Artist Statement
I could best summarize my work by T.S. Eliot's words: "These fragments I have shored against my ruins." Ironically, he uses fragments to support ruins which themselves are fragments of a once complete whole. But somehow, this collecting of pieces and scraps is restorative. My work attempts to do the same, creating a sense of cohesion and order from haphazard images. I am interested in constructing wholeness from brokenness and connection from disparity. My work is the experimental use of formal elements of shape, color, line, and texture. I add and subtract imagery with abandon and restraint creating a visual paradox.
Painting Process
Working in abstraction I use line, shape, color, texture and pattern. I begin with a series of loose gestural shapes, splashes and large blocks of color. I introduce thin layers of paint to let each mark, shape and color inform the next visual choice. I build images with no fixed notion of how a finished product will appear. Working on an average of seven paintings at a time, I rotate pieces while I set up visual challenges within each one.

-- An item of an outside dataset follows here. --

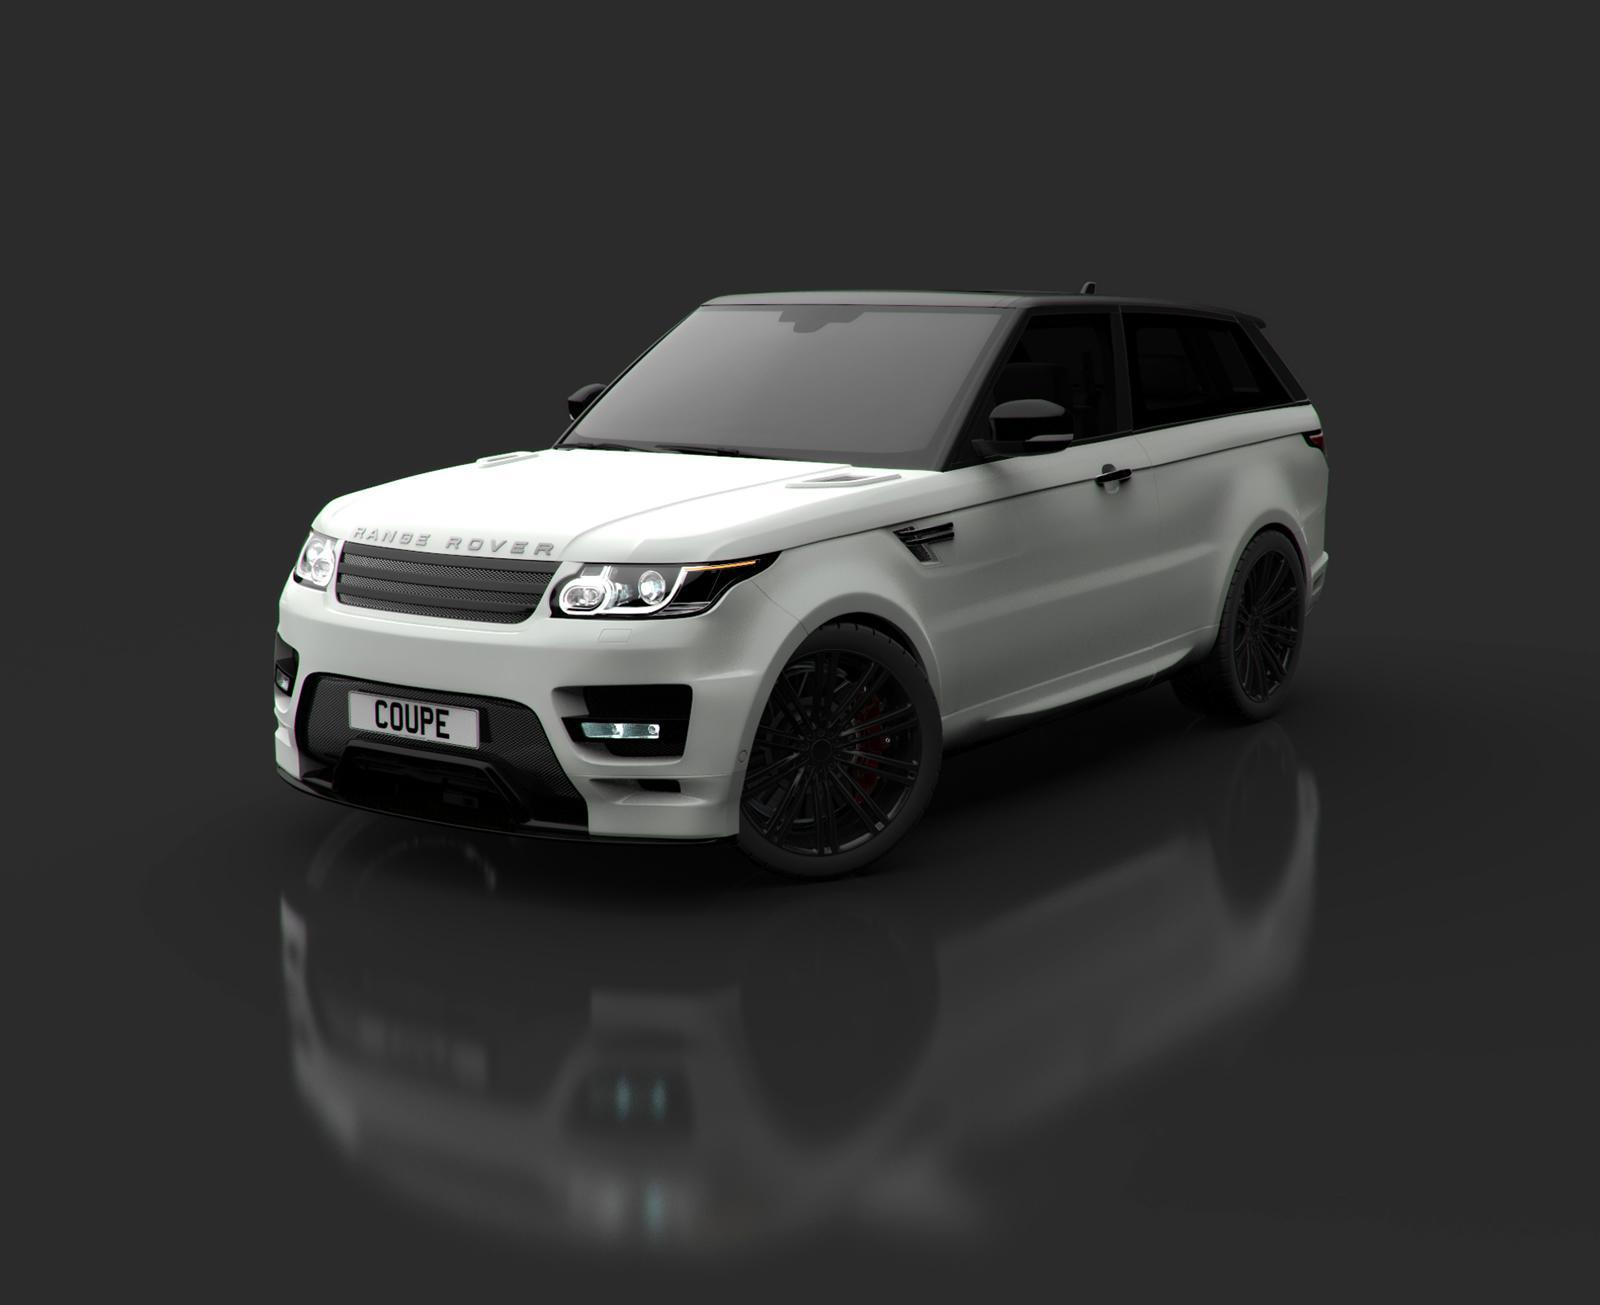 2014 Range Rover Sport Becomes A Coupe Via Bulgari

When my command of art is confronted by unknown conceptions, I am propelled in my creative process. I create my own game of sorts. I move between a series of puzzles as I explore relationships of foreground, background, subject and context. I experiment intensely by adding and subtracting paint, scraping through layers of color, and applying printmaking and paper cutting techniques. As I paint I walk the border of play and discipline. In the journey of a painting, I move back and forth between a freewheeling exploration of color, gesture and mark making, and the assertion of control as I establish an underlying structure of composition.